Get the phone counted honestly and the account stops being a mystery. You stop switching off campaigns that were quietly working, and you stop scaling campaigns that only looked good because every call got counted as gold.

Not sure your phone bookings are being counted at all?

We audit clinic Google Ads accounts and show you the bookings the report is hiding.

The audit checks how your conversions are defined, whether phone calls are being counted, and whether your real cost per new patient looks anything like the number on your screen. You'll see exactly where the account is lying to you and what fixing it is worth.

Get a free Google Ads audit

Common questions

The questions that come up most often.

Why 90 seconds and not some other number?

It's an illustrative threshold, not a hard law. Across the clinics I run ads for, calls under 90 seconds almost never end in a booking, they're wrong numbers, quick questions, or existing patients moving an appointment. Calls past 90 seconds are where real conversations happen. If you know your own front desk books faster or slower, adjust the line. The value is having a consistent, stated threshold rather than guessing.

Isn't a 50 percent booking rate just a guess?

Yes, and that's the point. It's an honest, stated assumption you apply consistently and can argue with, instead of a hidden one. Fifty percent is a sensible default for a healthy front desk, but if your team converts phone enquiries better or worse, use your real number. An assumption you can see and challenge beats a number that's secretly made up.

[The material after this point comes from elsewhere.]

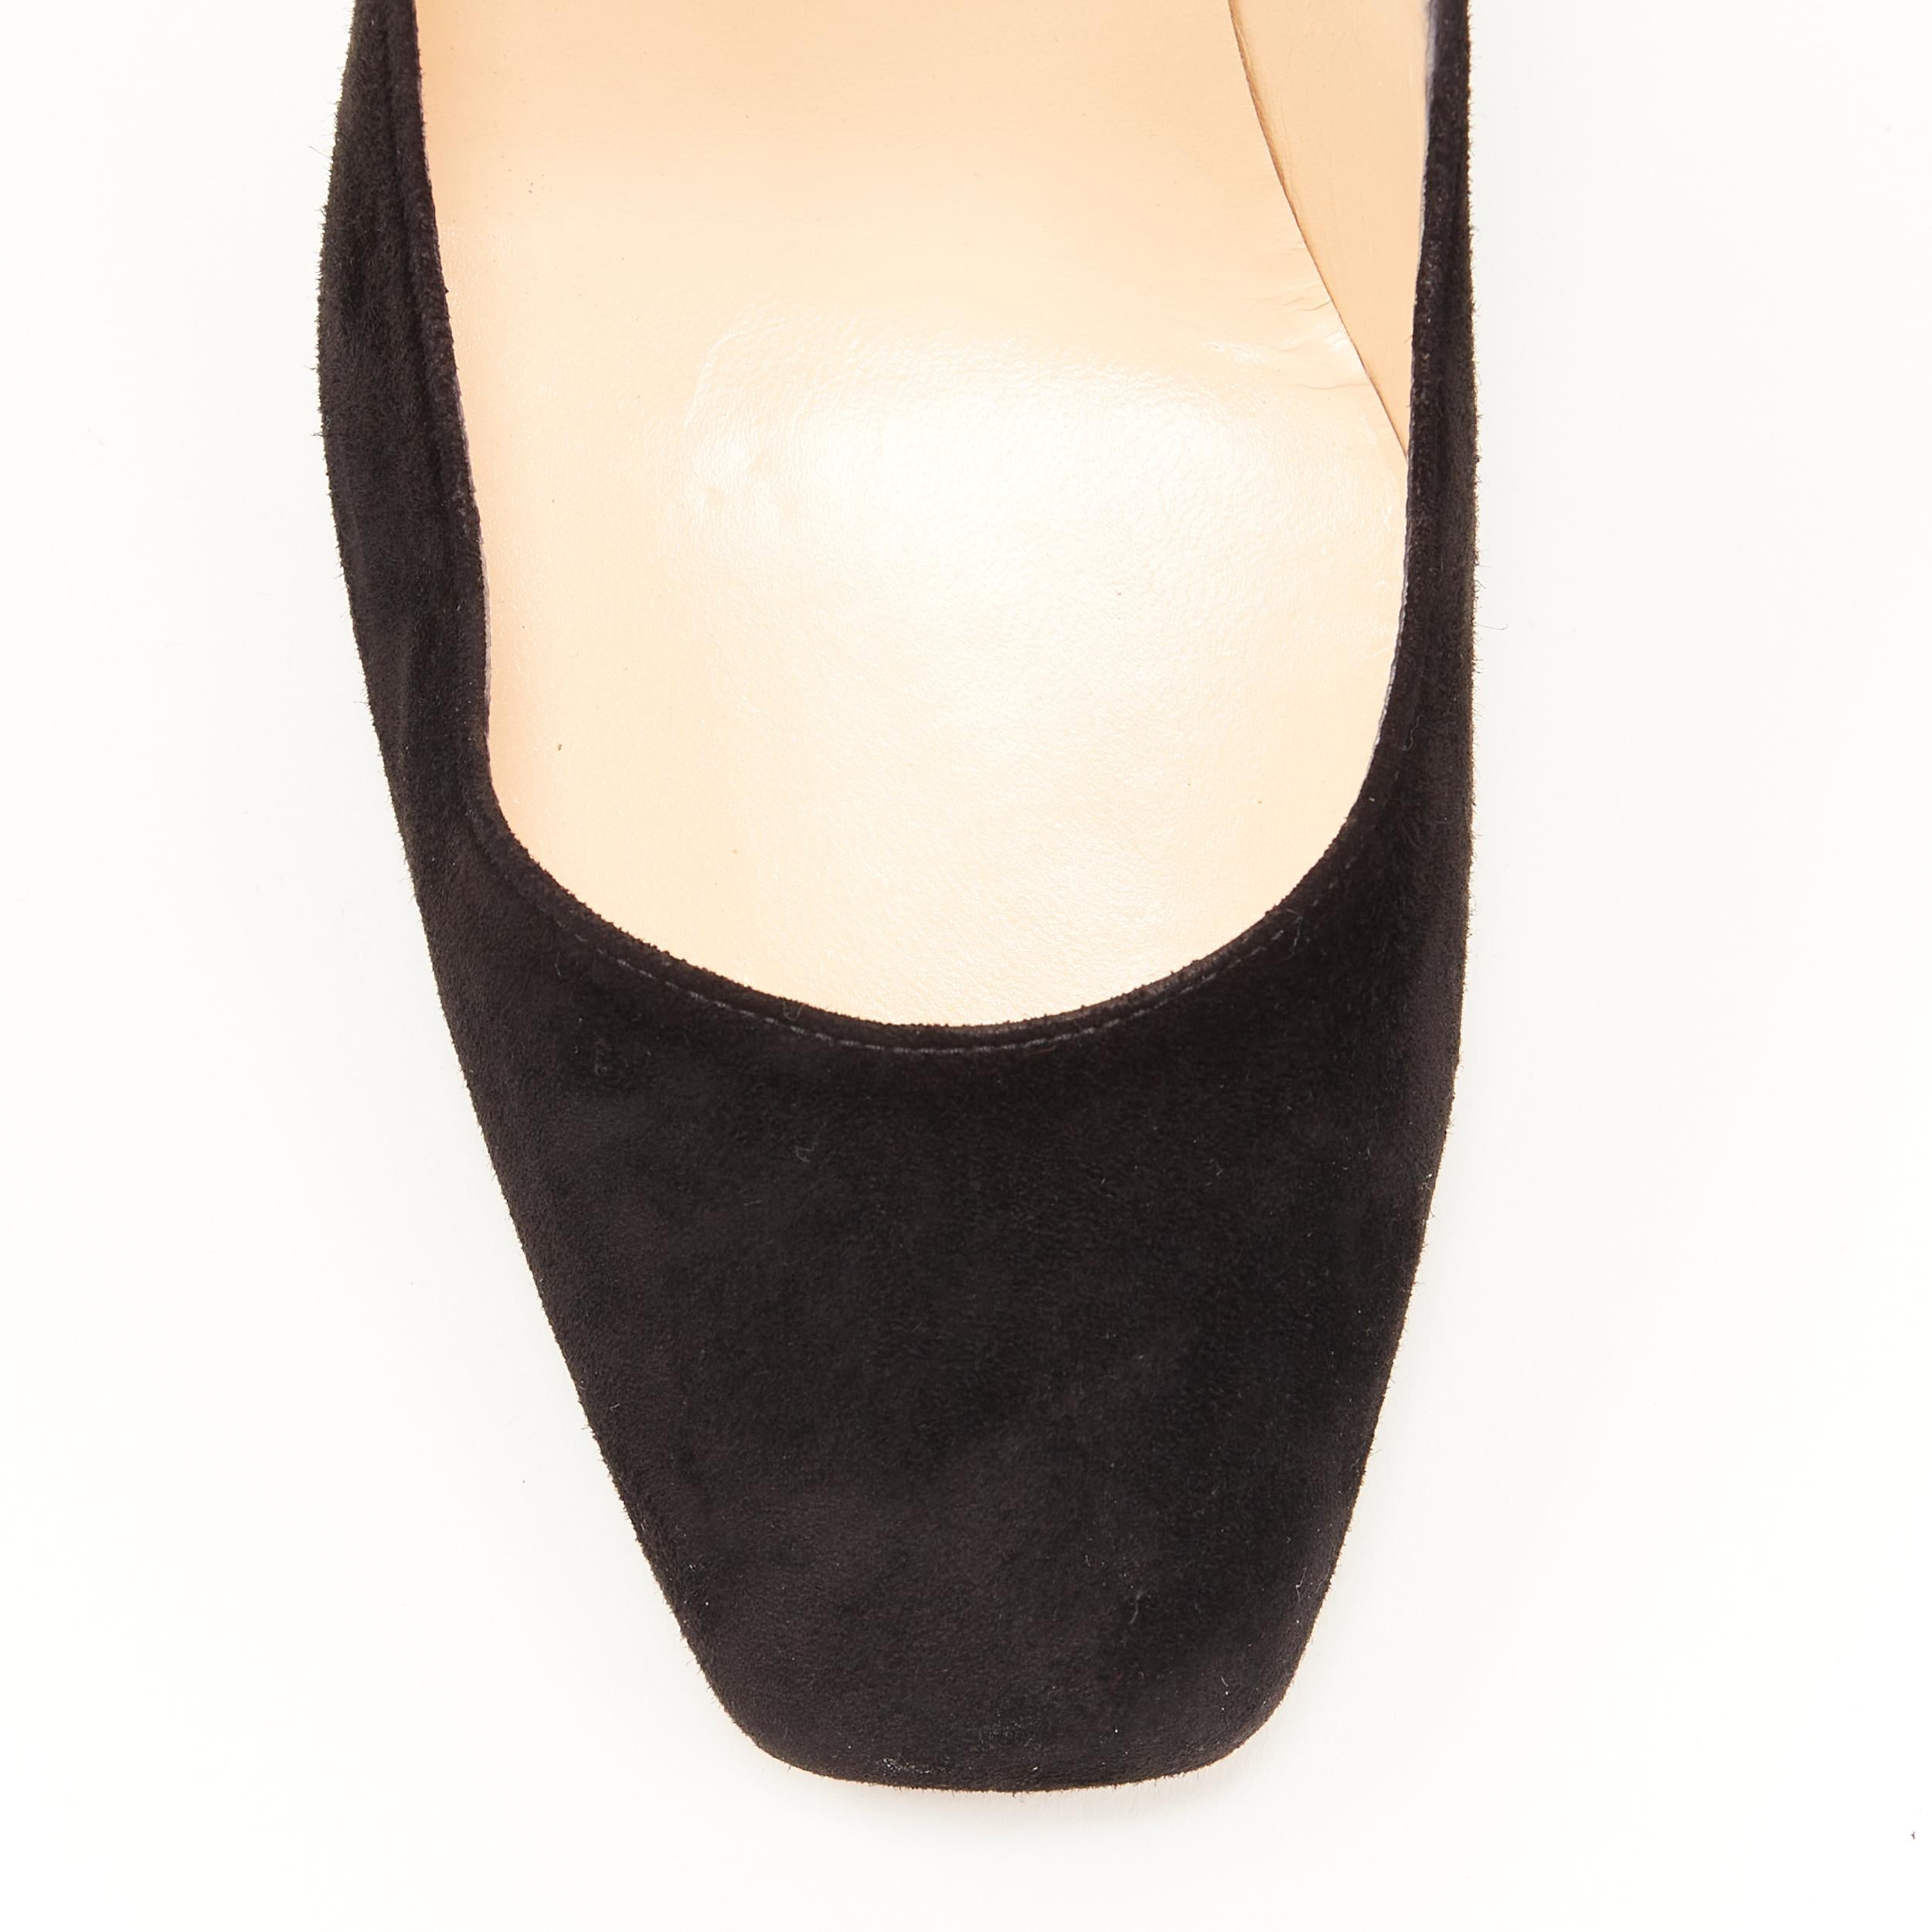 Women's new CHRISTIAN LOUBOUTIN black suede leather square toe high heel pump EU38

How do I actually capture calls longer than 90 seconds?

Through call tracking tied to your ads, which records call duration against the ad click. Setting it up sits inside the same conversion tracking work as online bookings, and it's genuinely not a do it yourself job, it needs Google Tag Manager and custom scripts. The 90 second rule is what you do with the data once it's flowing, not a setting you toggle on by yourself.

Why does linking out to a booking page lose tracking accuracy?

When the booking is embedded on your own page or kept inside your practice management portal, tracking accuracy sits around 100 percent. When you send people off to a separate booking page, part of the journey happens somewhere Google can't follow, and accuracy drops to roughly 90 percent. The bookings are identical either way. You just lose the ability to measure about one in ten of them.